• Available data:

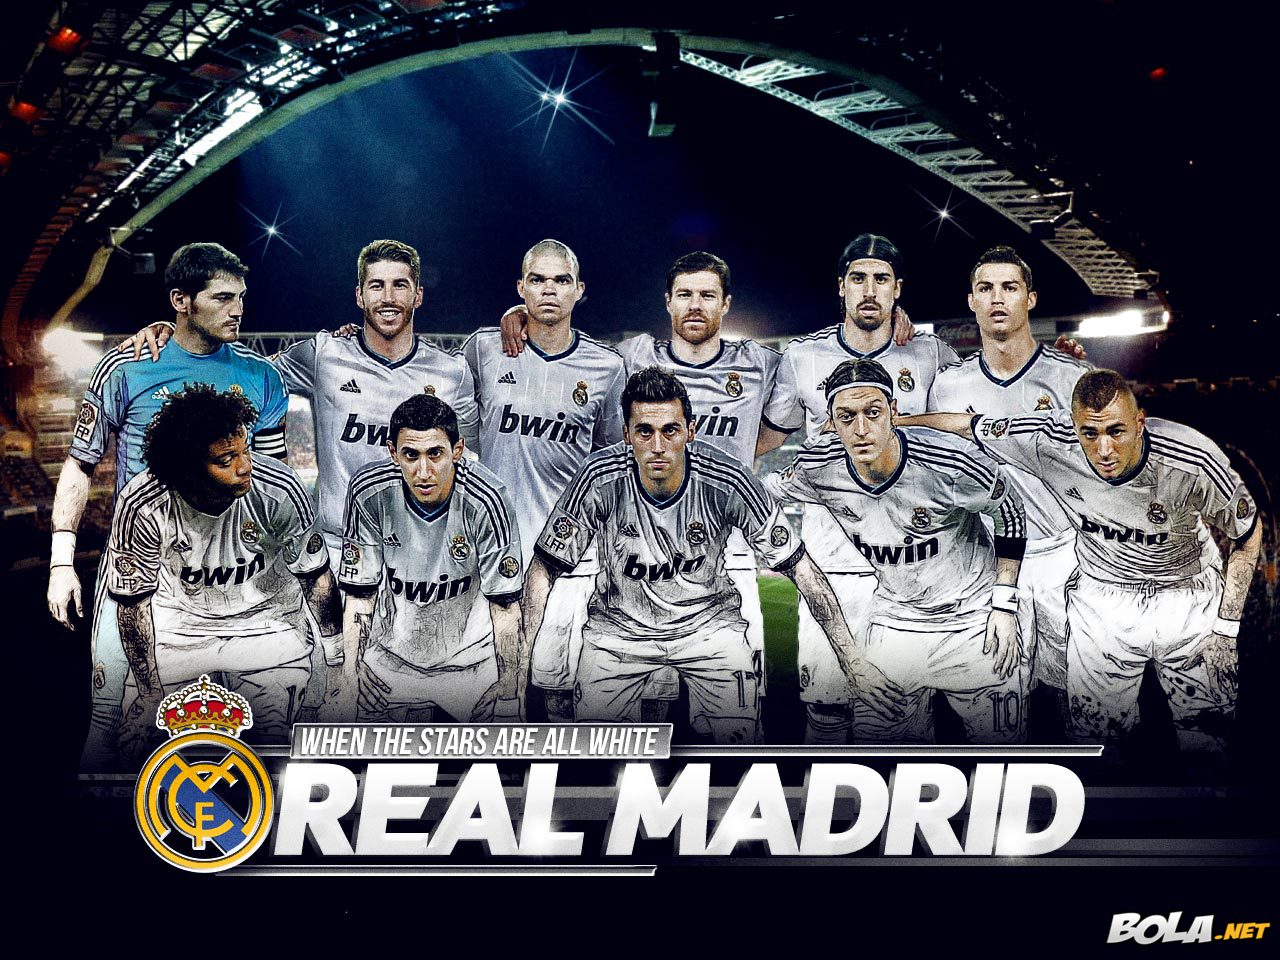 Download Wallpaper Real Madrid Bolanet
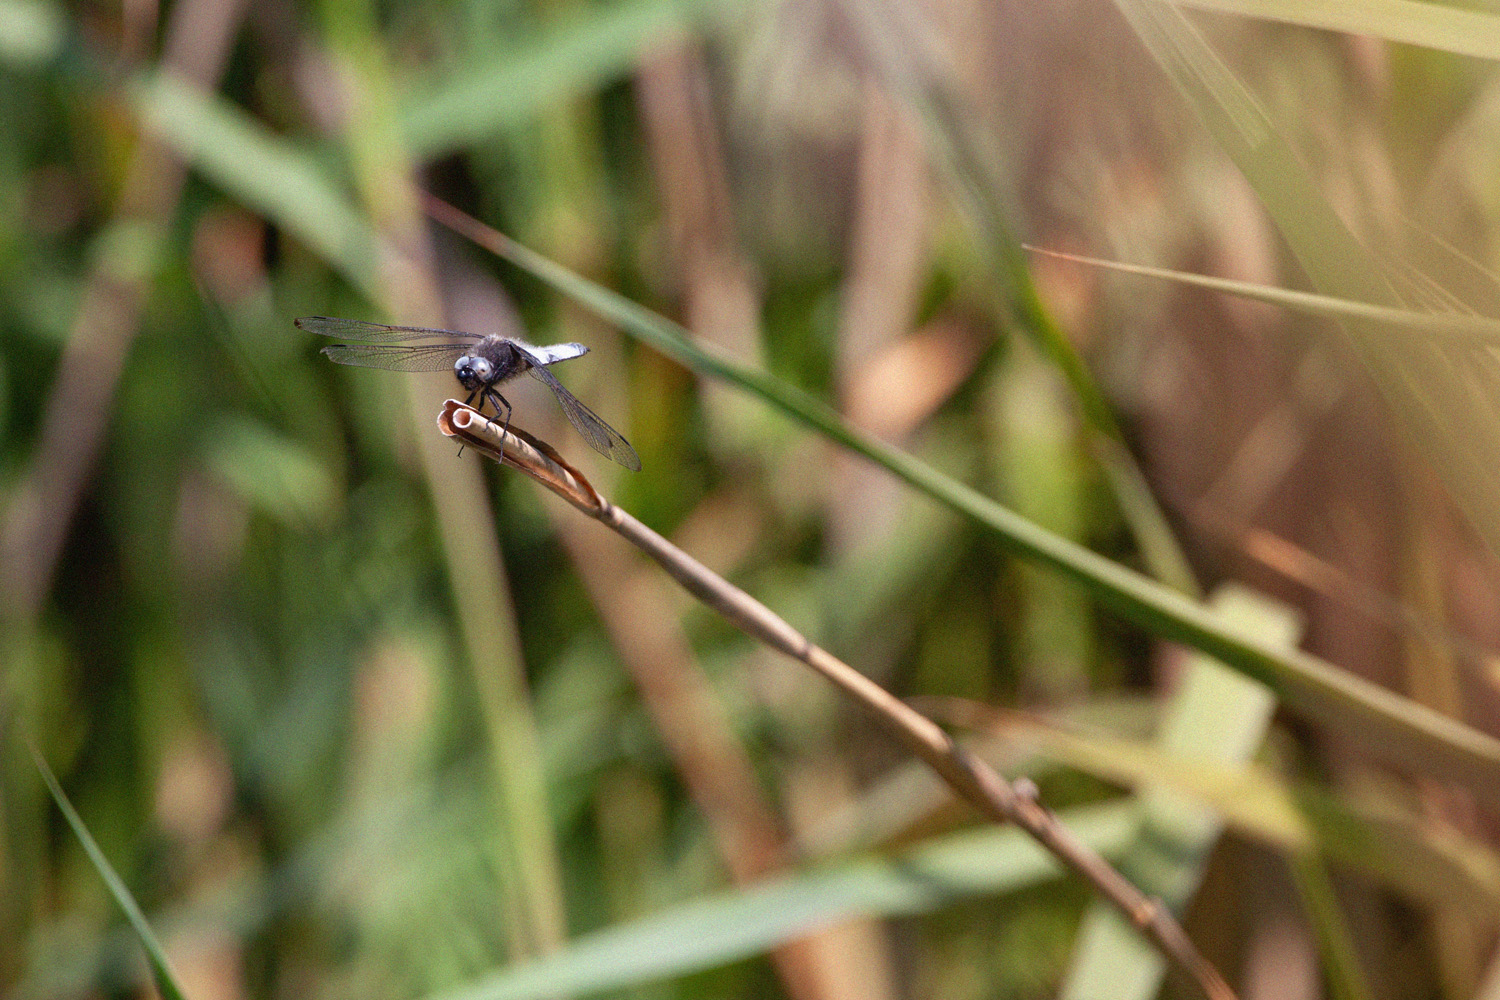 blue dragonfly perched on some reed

==

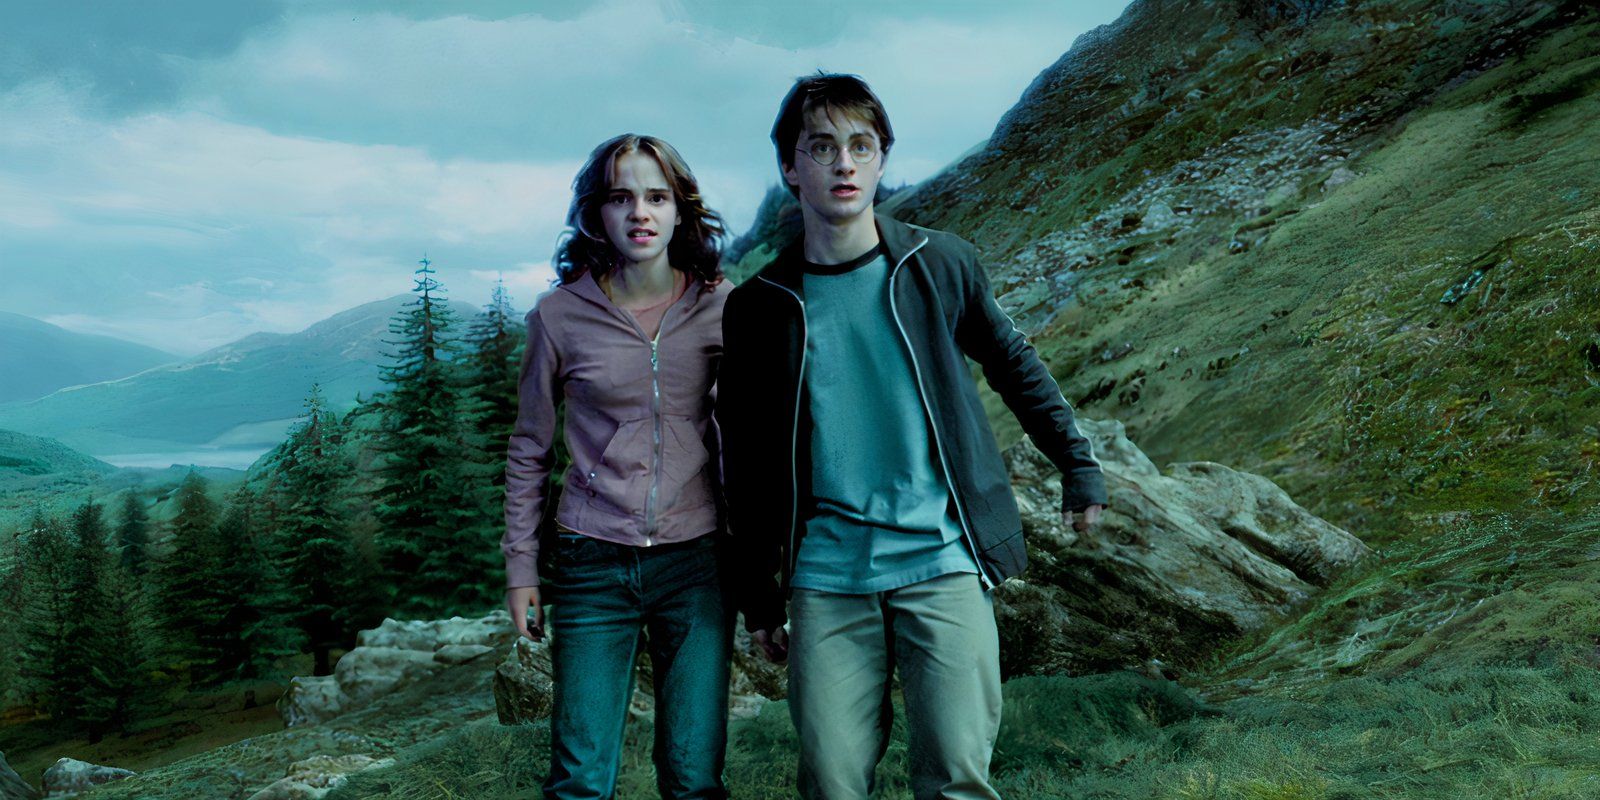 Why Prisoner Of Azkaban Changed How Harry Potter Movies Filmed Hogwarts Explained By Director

• Exercise aim: With the pictures left out, write out exactly the lines above from the one containing "Download Wallpaper Real Madrid Bolanet" through the one containing "blue dragonfly perched on some reed".

• Exercise solution:
 Download Wallpaper Real Madrid Bolanet
 blue dragonfly perched on some reed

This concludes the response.